Strategy: If you know you’re buying 30,000 yen of figures total, consolidate your purchases into one day at one store if possible. Get the tax-free discount (3,000 yen savings). Then ship the figures home. You’ve saved money on both the purchase and you avoid carrying fragile items.
Don’t overthink tax-free. It’s a straightforward discount. Show your passport, save 10% on purchases over 5,000 yen, done.
Quick Comparison: Which Option Is Right for You?
If you’re buying a single small figure and want it in three weeks: Japan Post SAL. Cost: 2,500 yen. Time: 2-4 weeks.
If you’re buying multiple figures and don’t care about speed: Japan Post SAL with consolidation. Cost: 2,500-3,200 yen per kilogram. Time: 2-4 weeks.
If you need it within a week: Kuroneko Yamato Ta-Q-BIN. Cost: 7,500+ yen depending on destination. Time: 3-5 days. Worth it for gifts or time-sensitive purchases.
If you’ve found items on Japanese auction sites not available elsewhere: Proxy service like Buyee. Cost: Item price + 4.9% fee + 2,900 yen consolidation + 4,000-4,500 yen shipping. Time: 7-21 days total. Worth it if the item is unique.

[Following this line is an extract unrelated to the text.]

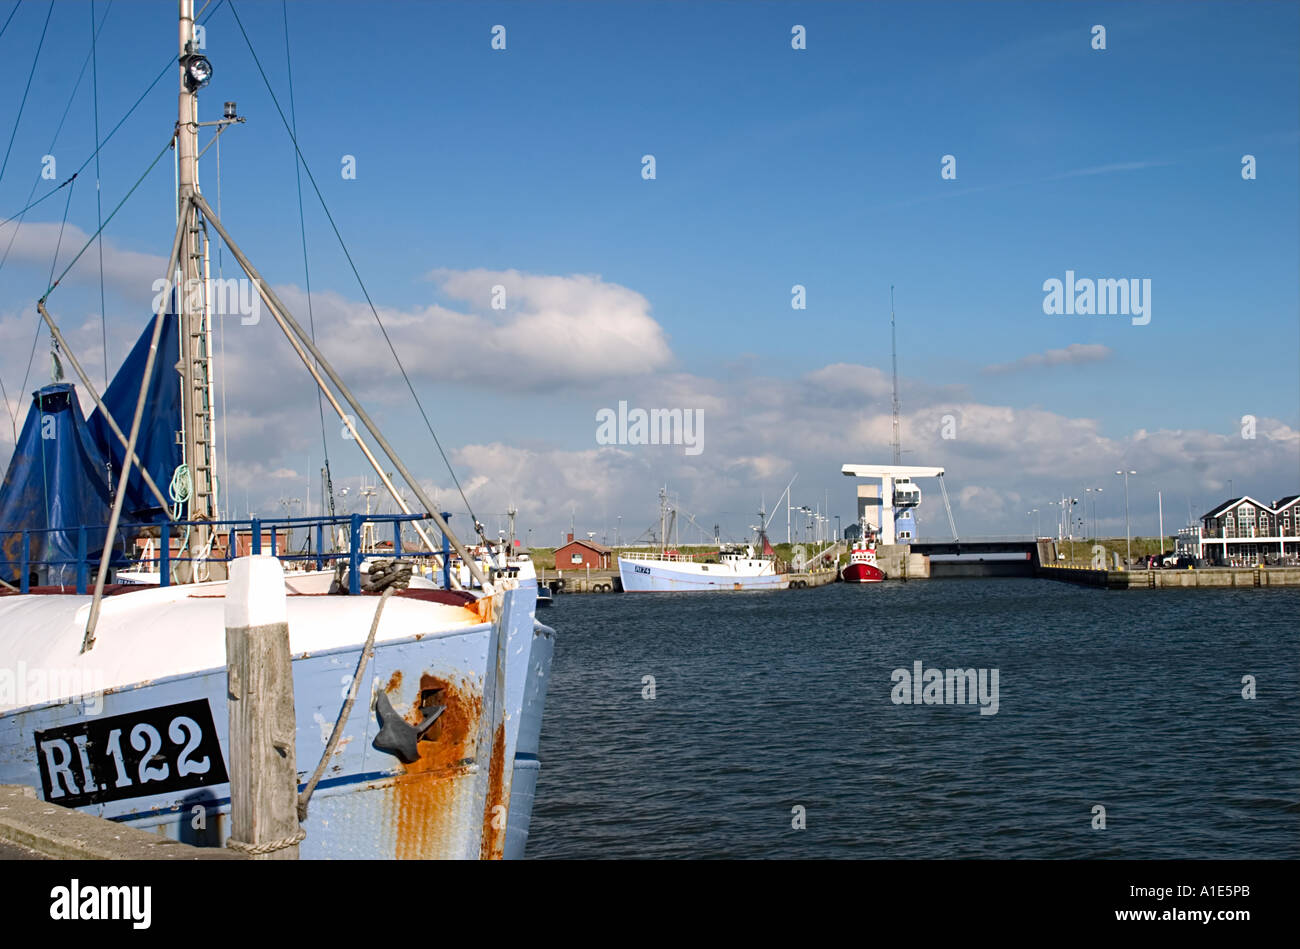 Hvide Sande fishing harbour Denmark Stock Photo

If you’re only buying a small amount and leaving soon: Check an extra suitcase. Cost: 35-50 USD. Time: Immediate. Only makes sense if you’re checking bags anyway and the weight is minimal.
If you’re buying from Animate/Mandarake/Tower and want zero hassle: Have the store ship it. Cost: 2,800-3,500 yen per kilogram. Time: 1-3 weeks. Worth paying a bit extra for convenience if you’re not carrying fragile items yourself.
Final Notes on Getting Anime Merch Home
The fundamental truth: Japan’s shipping infrastructure is exceptional. Packages arrive. Tracking works. Customs clearance is smooth because Japan Post and the international postal services have handled millions of anime shipments. You’re not doing anything risky or unusual. You’re doing what thousands of collectors do monthly.
The worst that usually happens is your package takes an extra week because of customs backlogs. The best that happens is your carefully packed figure arrives untouched six months later, and you get to experience the joy of opening it again like it’s Christmas.
Be honest on customs forms. Pack properly. Choose the service that matches your timeline and budget. And don’t overthink it. You’re shipping toys across oceans. It’s one of the most benign international logistics tasks that exists.
One more thing: take photos of your collection before you pack it. Just in case something does get damaged, you’ll have documentation for the insurance claim. I learned this the hard way.